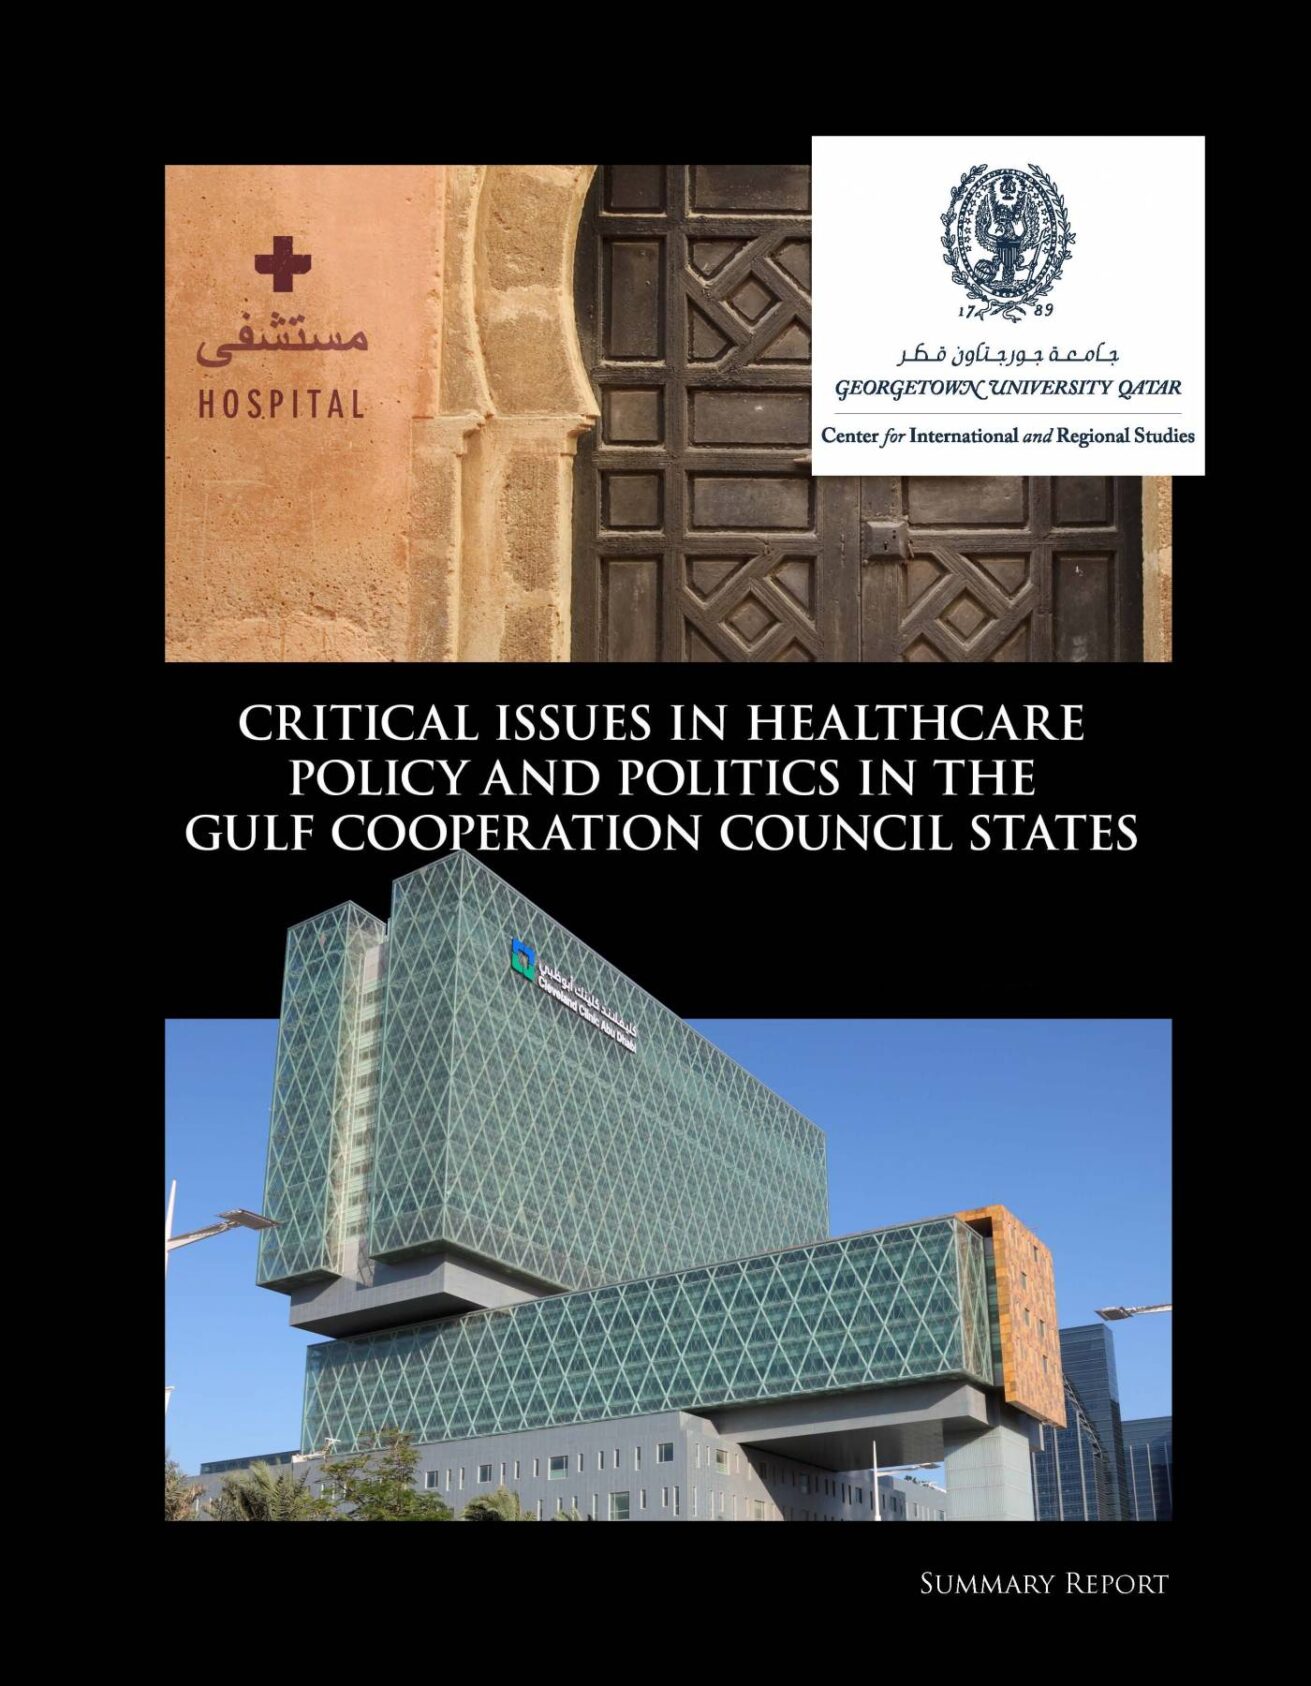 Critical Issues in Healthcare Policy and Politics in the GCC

==

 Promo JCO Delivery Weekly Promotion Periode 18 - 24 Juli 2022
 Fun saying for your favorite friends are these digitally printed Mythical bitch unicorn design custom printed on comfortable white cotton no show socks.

...

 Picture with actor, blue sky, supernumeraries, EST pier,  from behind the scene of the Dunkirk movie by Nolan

Task =>
What is needed is a verbatim copy of every line in the records above from the one containing "Promo JCO Delivery" down to the one containing "Fun saying for", both included, and nothing more.

Problem solution =>
 Promo JCO Delivery Weekly Promotion Periode 18 - 24 Juli 2022
 Fun saying for your favorite friends are these digitally printed Mythical bitch unicorn design custom printed on comfortable white cotton no show socks.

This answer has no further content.